ESPN To Double Number of ‘At-Home’ College-Hoops Productions to 93

ESPN will make an even deeper commitment to “at-home” production workflows — or, as they’re called in-house, “REMI” productions — estimating that it will use the model to produce 93 live college basketball games this season. That’s more than double last year’s 42.

“We are more comfortable [with at-home production] because of the reps that we are getting,” says Tom Gianakos, director, remote production operations, ESPN. “This is not new to the industry, but it was new to us, and we needed, [as with] anything, more reps, and the more reps we get the more comfortable we feel.”

espn-logoCollege hoops season is an awfully busy time of year for ESPN, so it’s little wonder that network brass would be looking for a more efficient method of production on certain games. More than 900 live productions are on its schedule this season. Last year, the company used 97 mobile units on college basketball games alone.

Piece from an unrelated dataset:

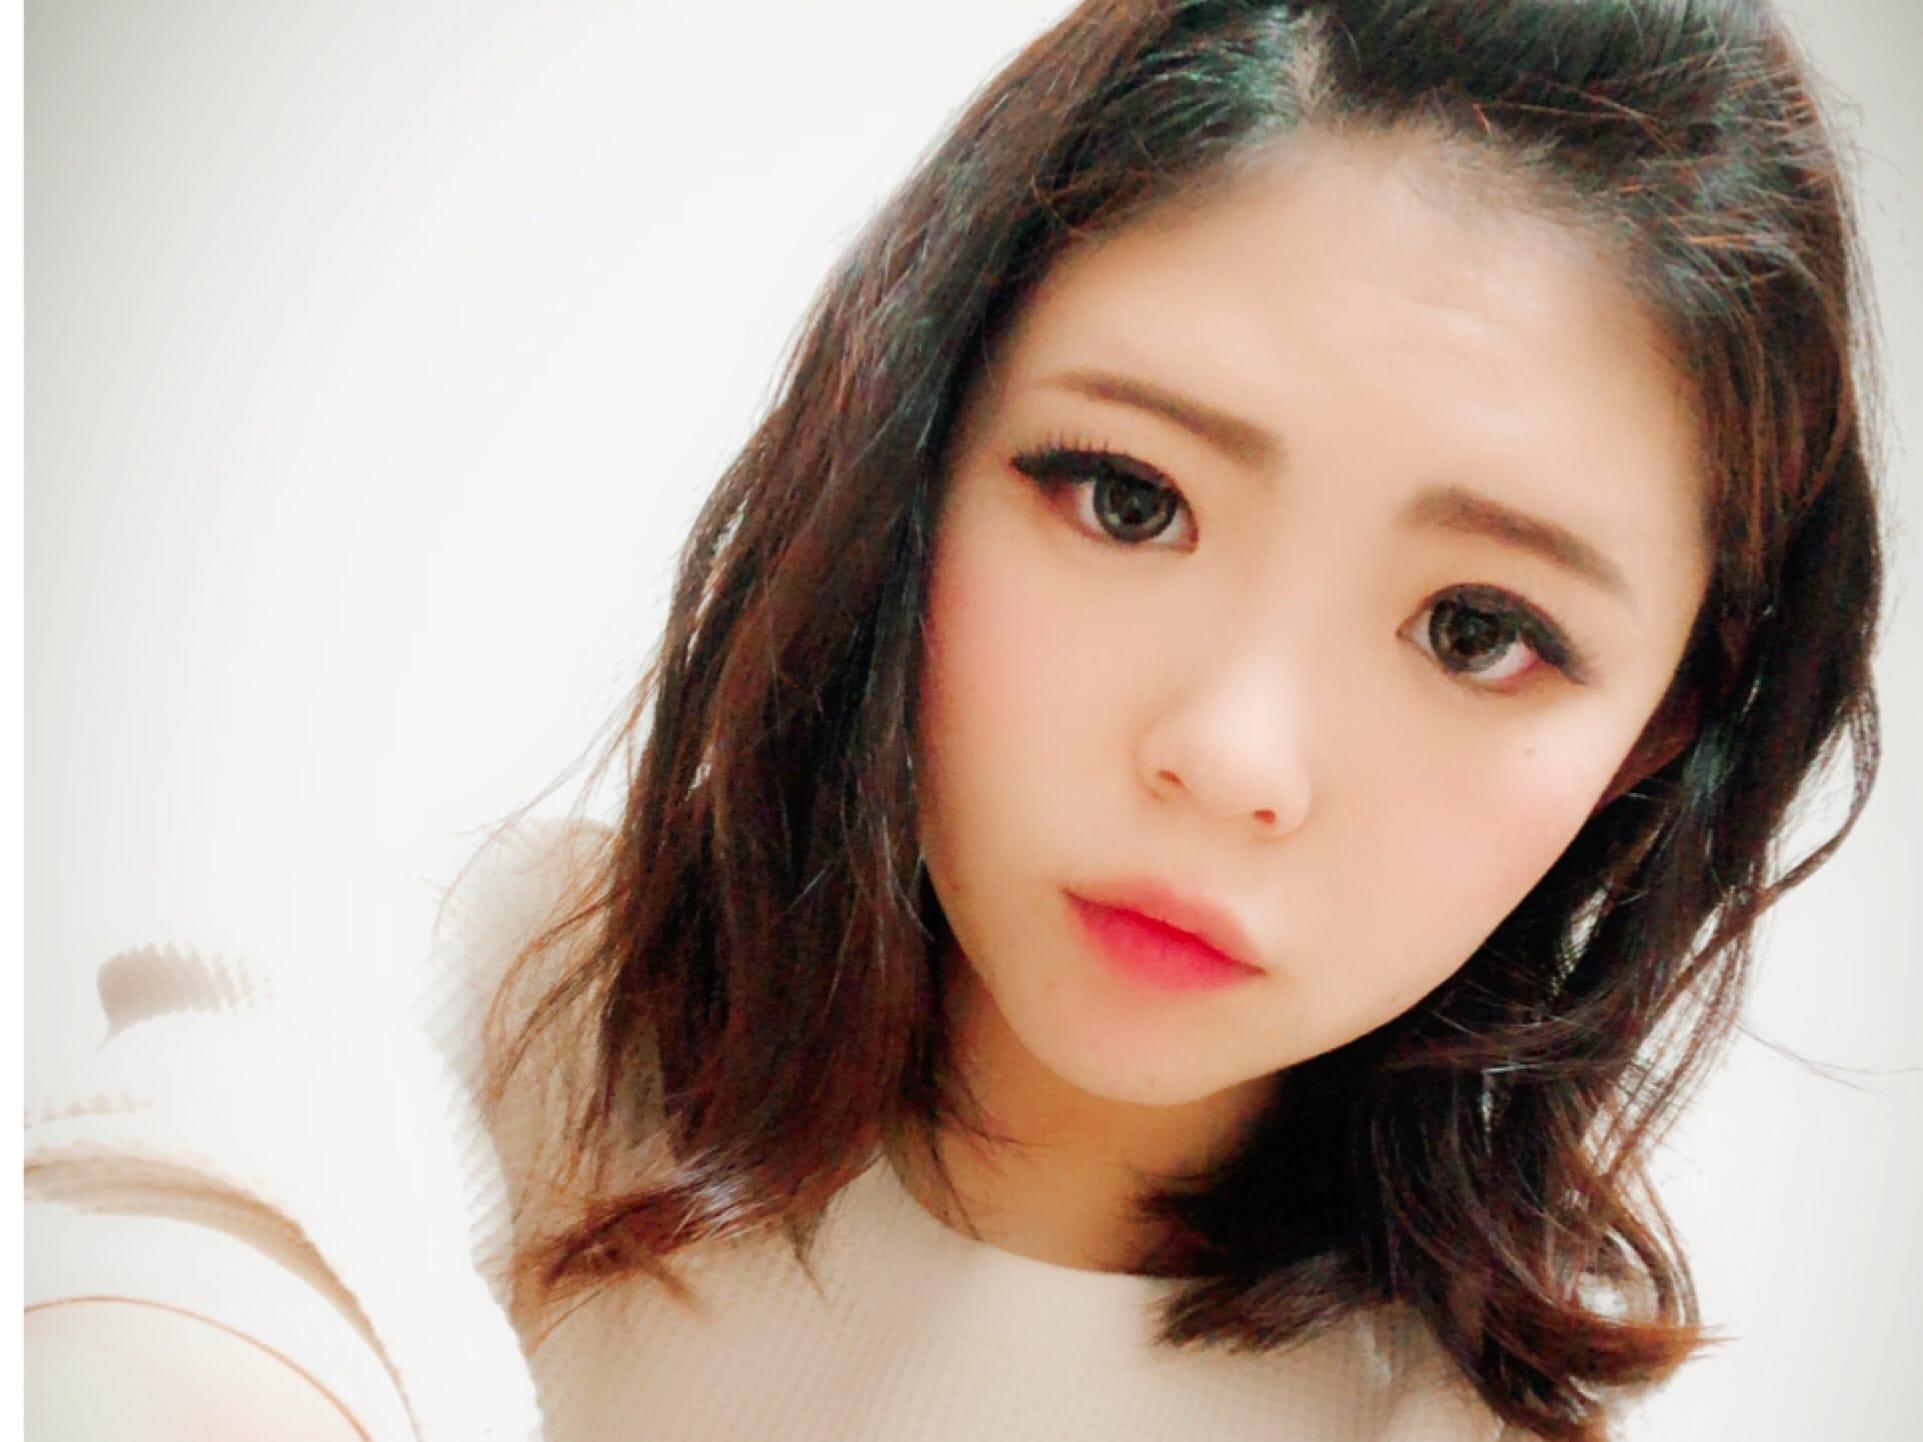 れお「お礼♡」04/21(土) 16:40 | れおの写メ・風俗動画

This year, more than 75 operations producers will work at least one college-basketball broadcast.

These REMI productions will help streamline and cut costs on a percentage of those telecasts by keeping production-crew members in control rooms either at ESPNU’s campus in Charlotte, NC, or at the Wide World of Sports complex in Orlando. ESPN will deploy to the site only a Sprinter van with connections for no more than seven cameras, an engineer in charge (EIC), four camera operators, a “highly qualified” A2, an operations producer, two utilities, and an uplink engineer. Everything else from producer and director to graphics and replay operators, even to the on-air talent will produce the game from one of ESPN’s home control rooms.

Although other at-home production models, such as the one deployed by the Pac-12 Networks, use fiber and an Internet 2 infrastructure, ESPN is using satellite uplink for most of these productions given the nature of many of the venues involved.

“Unlike much of the pro facilities that we are typically working out of, where there is fiber infrastructure, many of these schools do not have that infrastructure to support fiber transport back, so we use satellite,” says Bob Swider, operations manager, ESPN. “We are looking, possibly near the end of the season, to go and start testing some fiber, but, in all honesty, we are relying heavily on satellite for this season.”

This model is used on smaller college-hoops productions, which typically air on ESPNU (although a few selected telecasts will make their way up the ranks to ESPN2 this season). Those games take place all across the country and, as a result, many ESPN regional crew members are getting experience in the method.

“Our technicians and ops producers across the country are getting exposed to this. So they are more comfortable,” says Swider. “That’s what we’ve learned over the past year. There is a difference between studio people and remote people. We’ve never needed to communicate as much as we do now. That has become a great learning experience for many people.”